The dataset contains 505,207 records with 12 features. It includes a mix of categorical and numerical data.
- Source: Kaggle - Customer Churn Dataset
- Target Variable:
Churn(1 = Churned, 0 = Retained)
- Demographics: Age, Gender
- Account Info: Tenure, Subscription Type, Contract Length
- Behavioral: Usage Frequency, Support Calls, Last Interaction
- Financial: Payment Delay, Total Spend
- Data Cleaning: Removed duplicate records and handled missing values using median imputation for numerical features and mode imputation for categorical ones.
- Feature Engineering:
- Normalization: Applied Z-score normalization (StandardScaler) to numerical features to handle outliers and scale data to a standard range.
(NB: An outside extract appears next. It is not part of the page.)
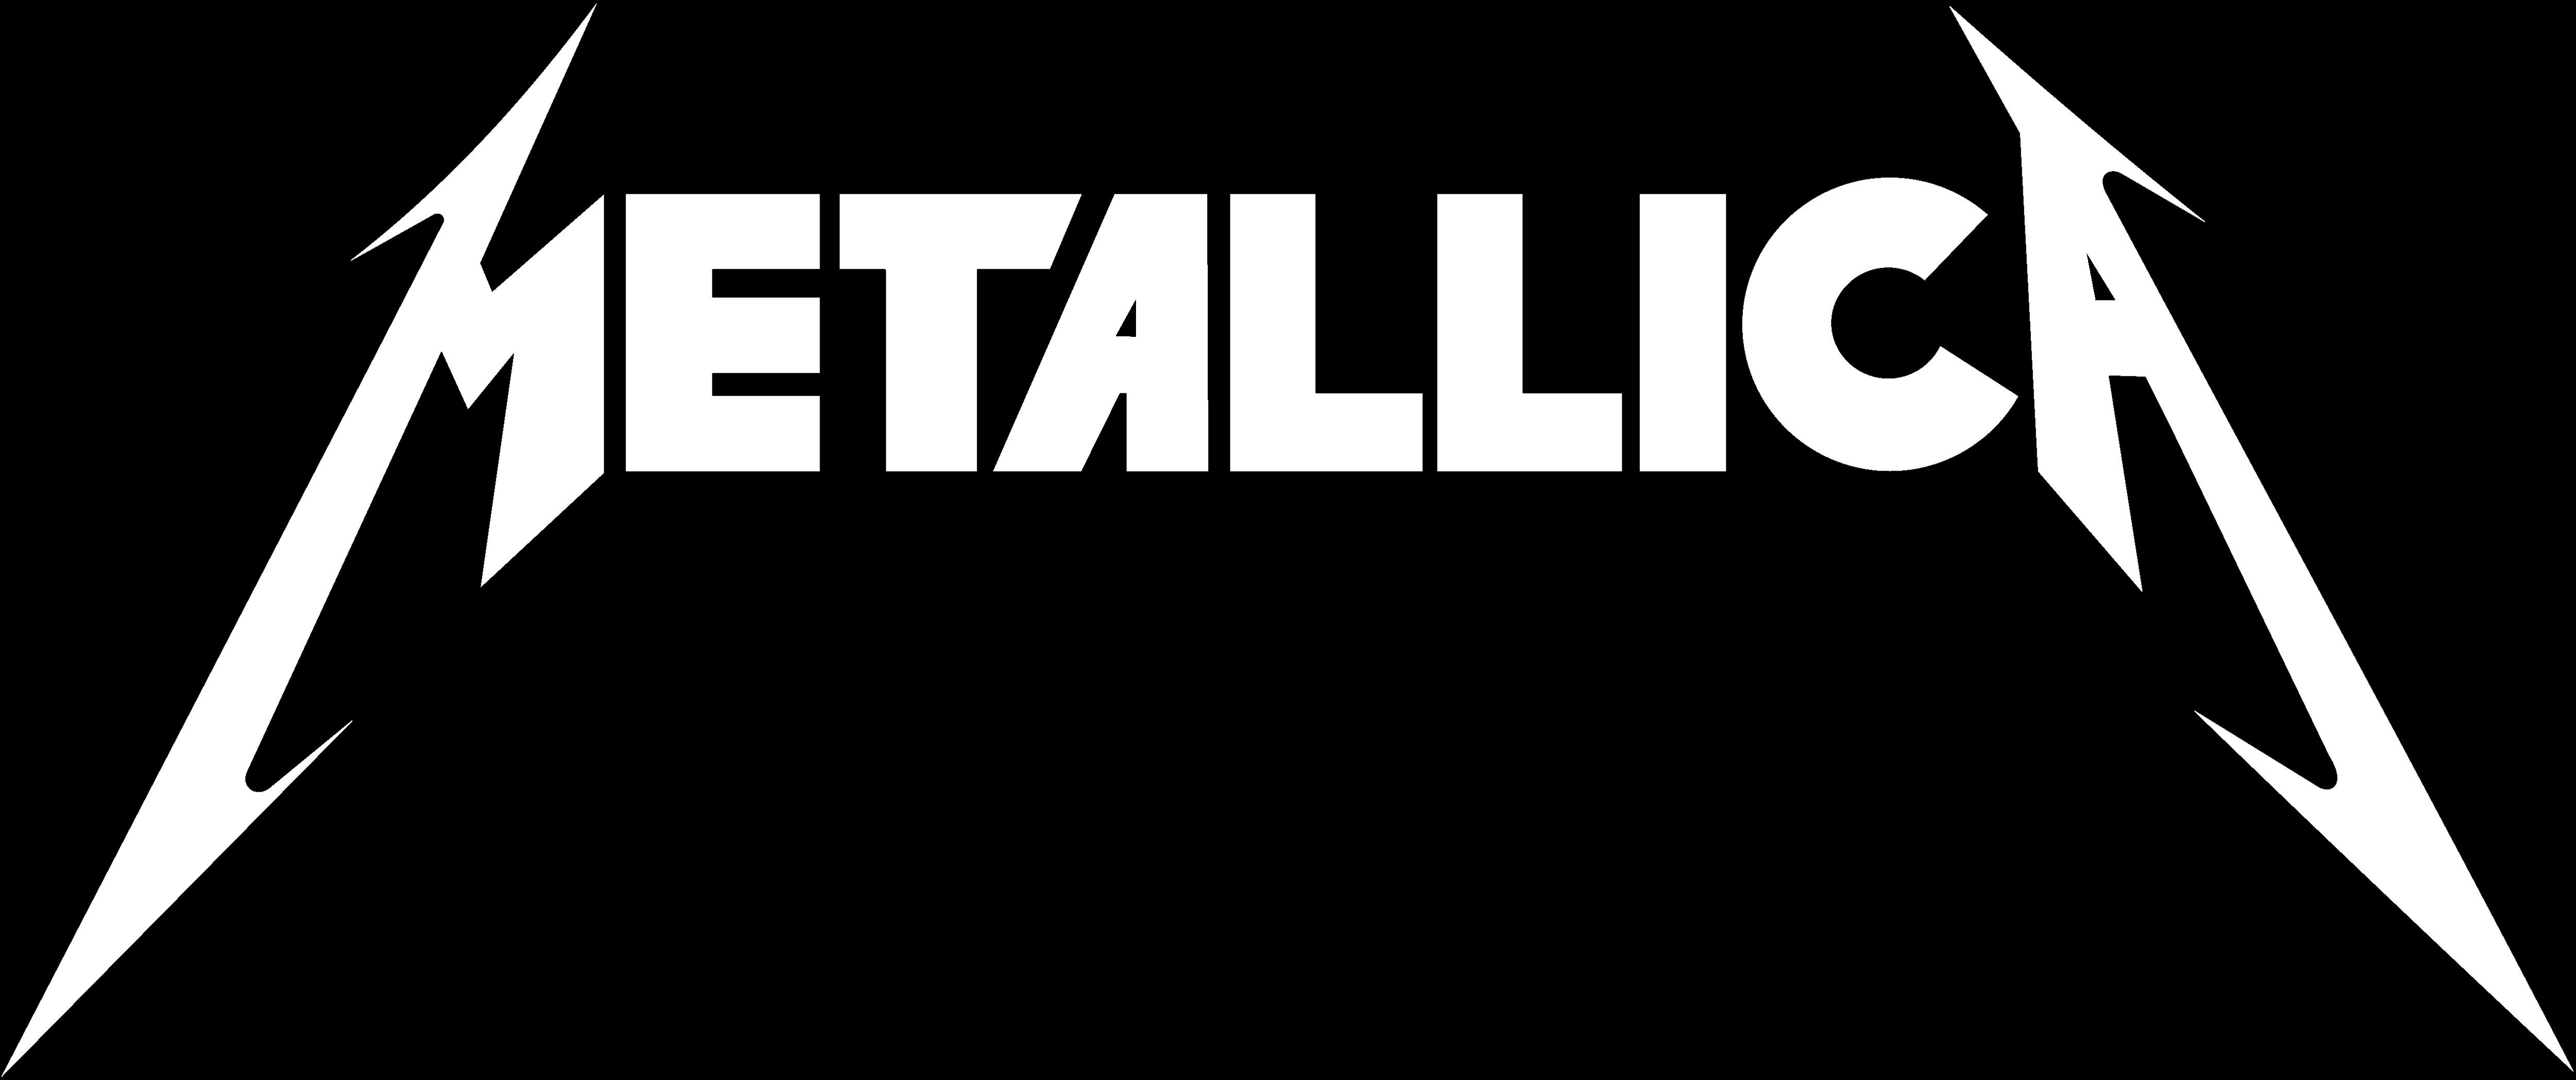 https://upload.wikimedia.org/wikipedia/commons/b/b7/Metallica_logo.png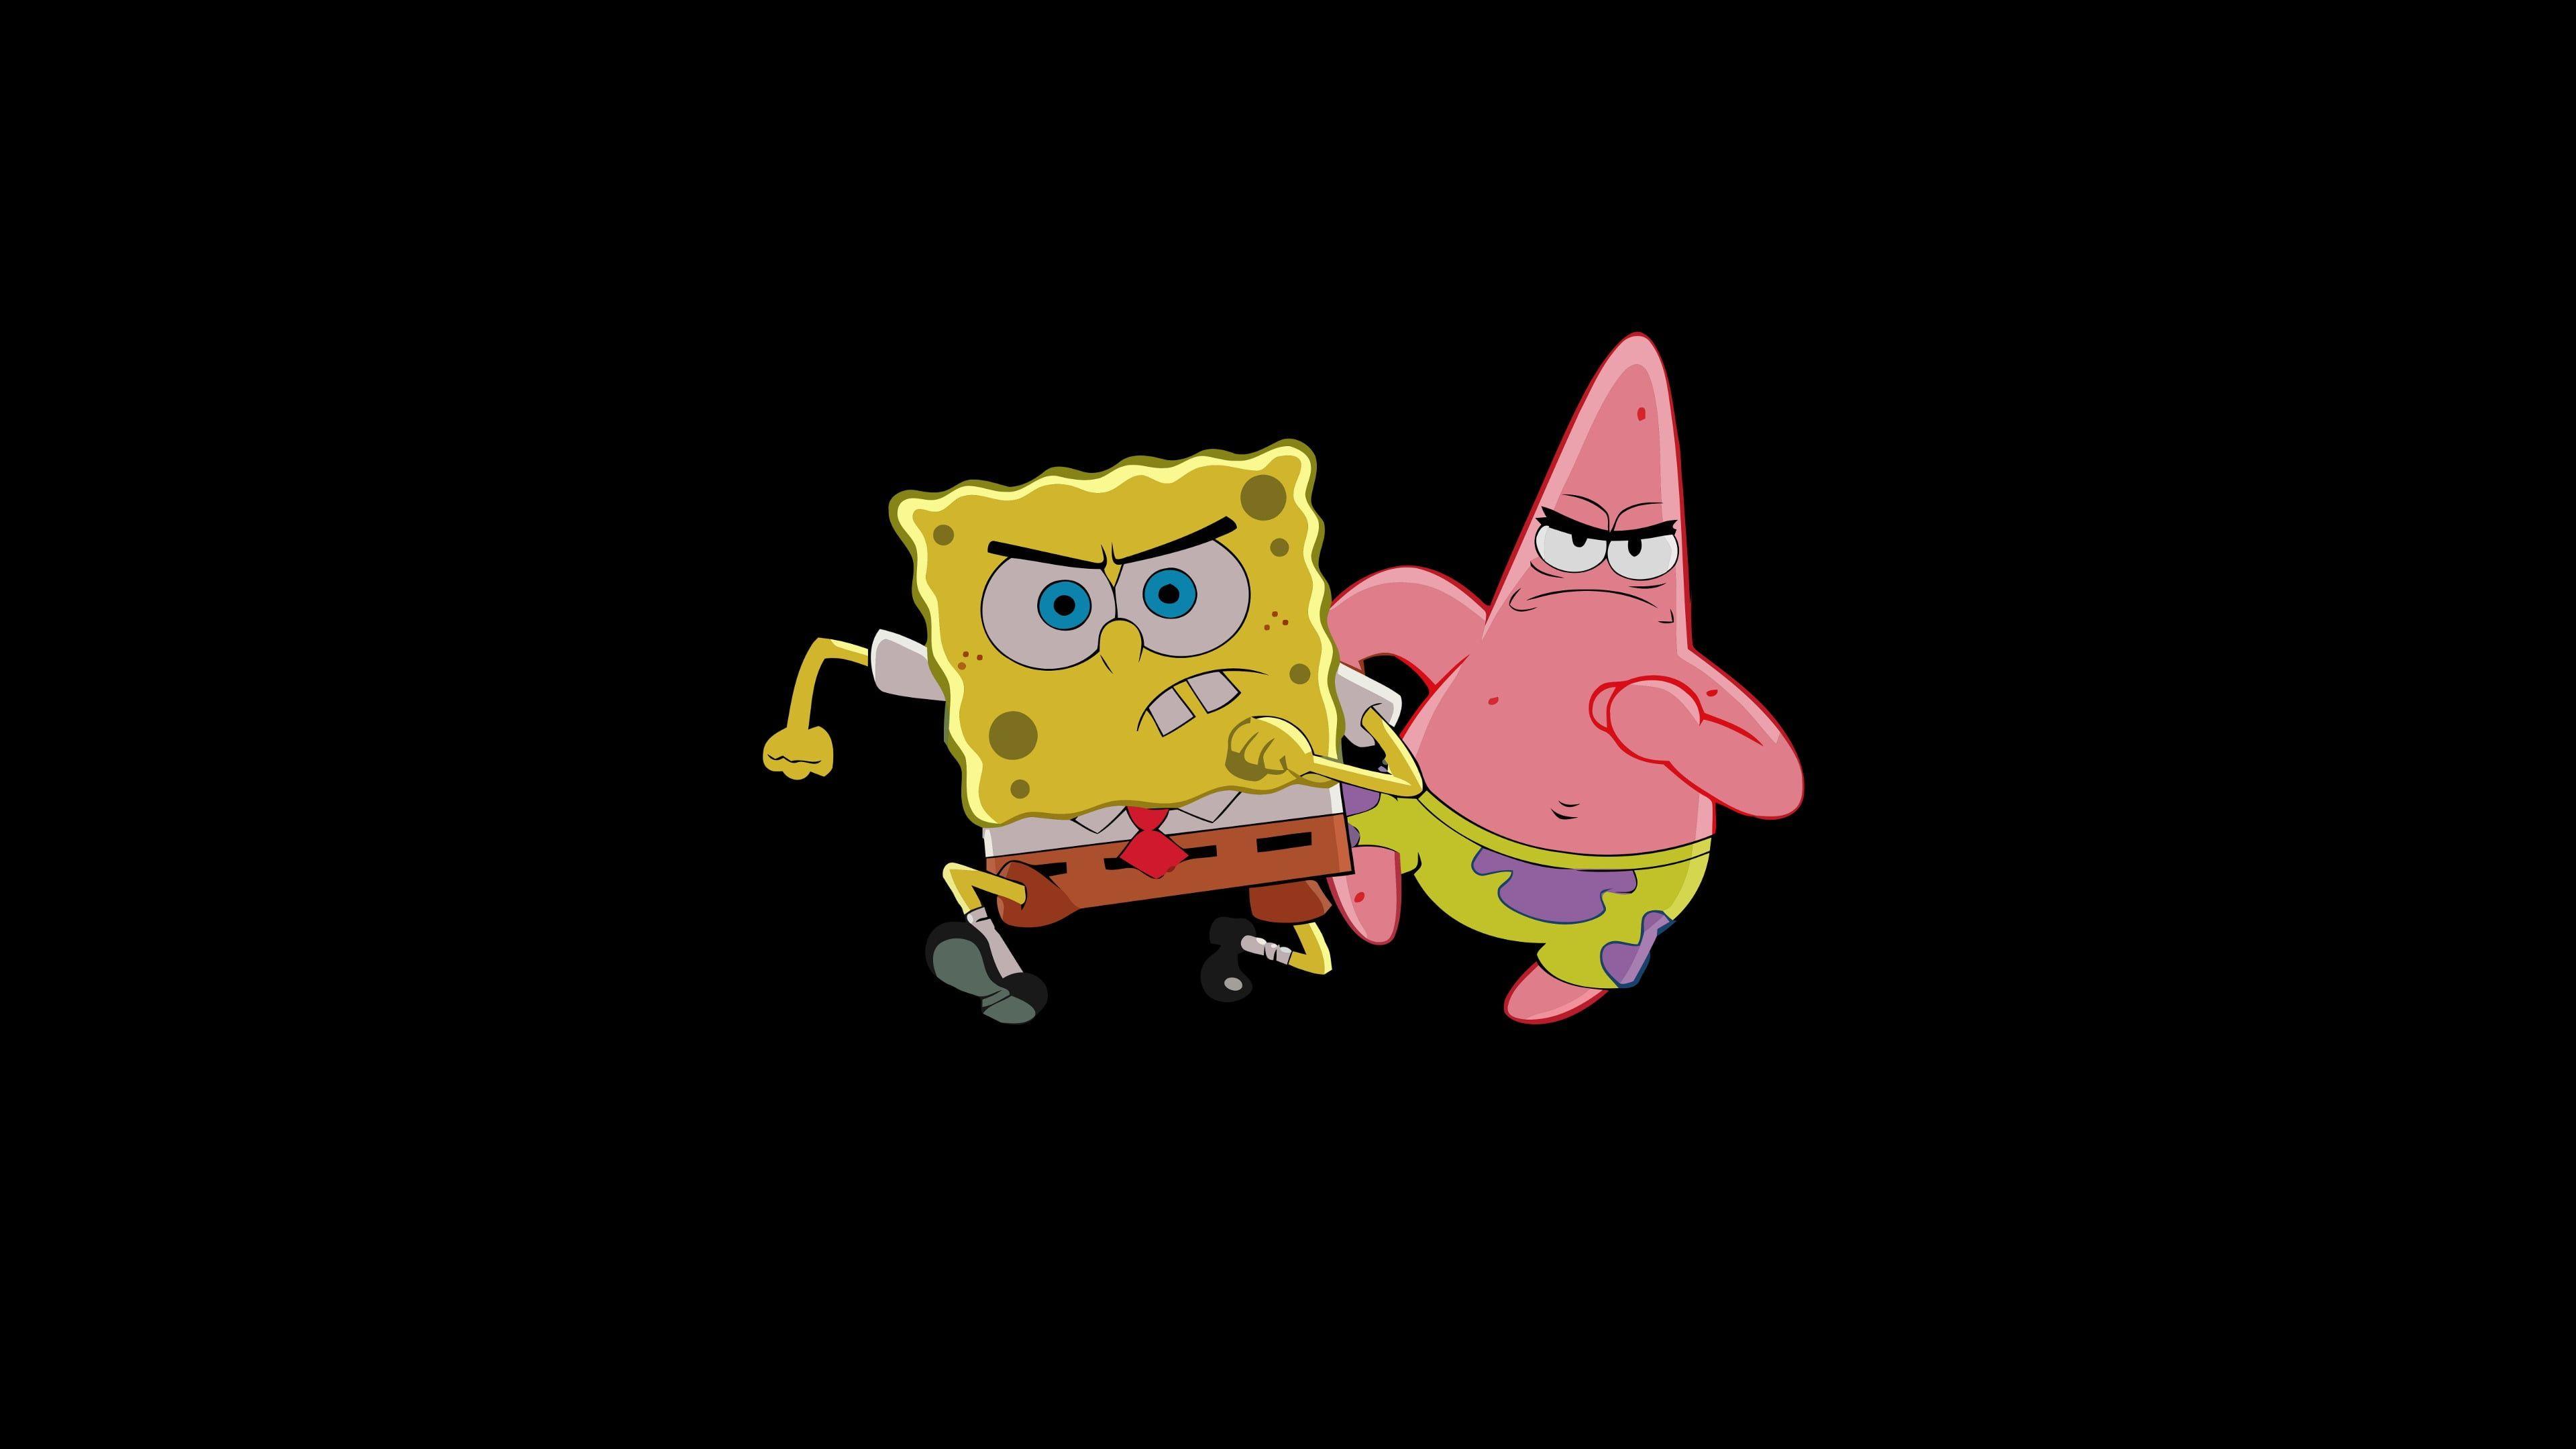 HD wallpaper: Spongebob Squarepants and Patrick illustration, simple, simple background

- Encoding: Used One-Hot Encoding for categorical variables (
Subscription Type,Contract Length).
- Feature Selection: Recursive Feature Elimination (RFE) was used to identify the most predictive features. Weak predictors like
Usage FrequencyandTenure(in some contexts) were flagged for removal to simplify the model.
To ensure efficient training and fair evaluation:
- Stratified Subsampling: A balanced subset of 50,000 records was initially taken.
- SMOTE (Synthetic Minority Over-sampling Technique): Applied to the training data to perfectly balance the class distribution (50/50 split between Churn and Non-Churn), ensuring models don't prioritize the majority class.
Three supervised learning models were trained and tuned using GridSearchCV with 5-fold cross-validation:
- Logistic Regression:
- Optimized parameters:
C=0.01,penalty='l1',solver='saga'.
- Optimized parameters:
- K-Nearest Neighbors (KNN):
- Optimized parameters:
n_neighbors=7,metric='euclidean',weights='distance'.
- Optimized parameters:
- Support Vector Machine (SVM):
- Optimized parameters:
C=10,gamma='scale',kernel='rbf'.
- Optimized parameters:
The models were evaluated on a held-out test set. Below is the summary of performance:
| Model | Accuracy | Precision (0/1) | Recall (0/1) | F1-Score (0/1) | ROC-AUC |
|---|---|---|---|---|---|
| Logistic Regression | 84.77% | 0.83 / 0.87 | 0.88 / 0.82 | 0.85 / 0.84 | 0.848 |
| K-Nearest Neighbors | 89.48% | 0.89 / 0.90 | 0.90 / 0.89 | 0.90 / 0.89 | 0.895 |
| Support Vector Machine | 91.05% | 0.95 / 0.88 | 0.87 / 0.95 | 0.91 / 0.91 | 0.910 |
- Logistic Regression: Train (84.53%) vs Test (84.77%) - Good generalization, slight underfitting.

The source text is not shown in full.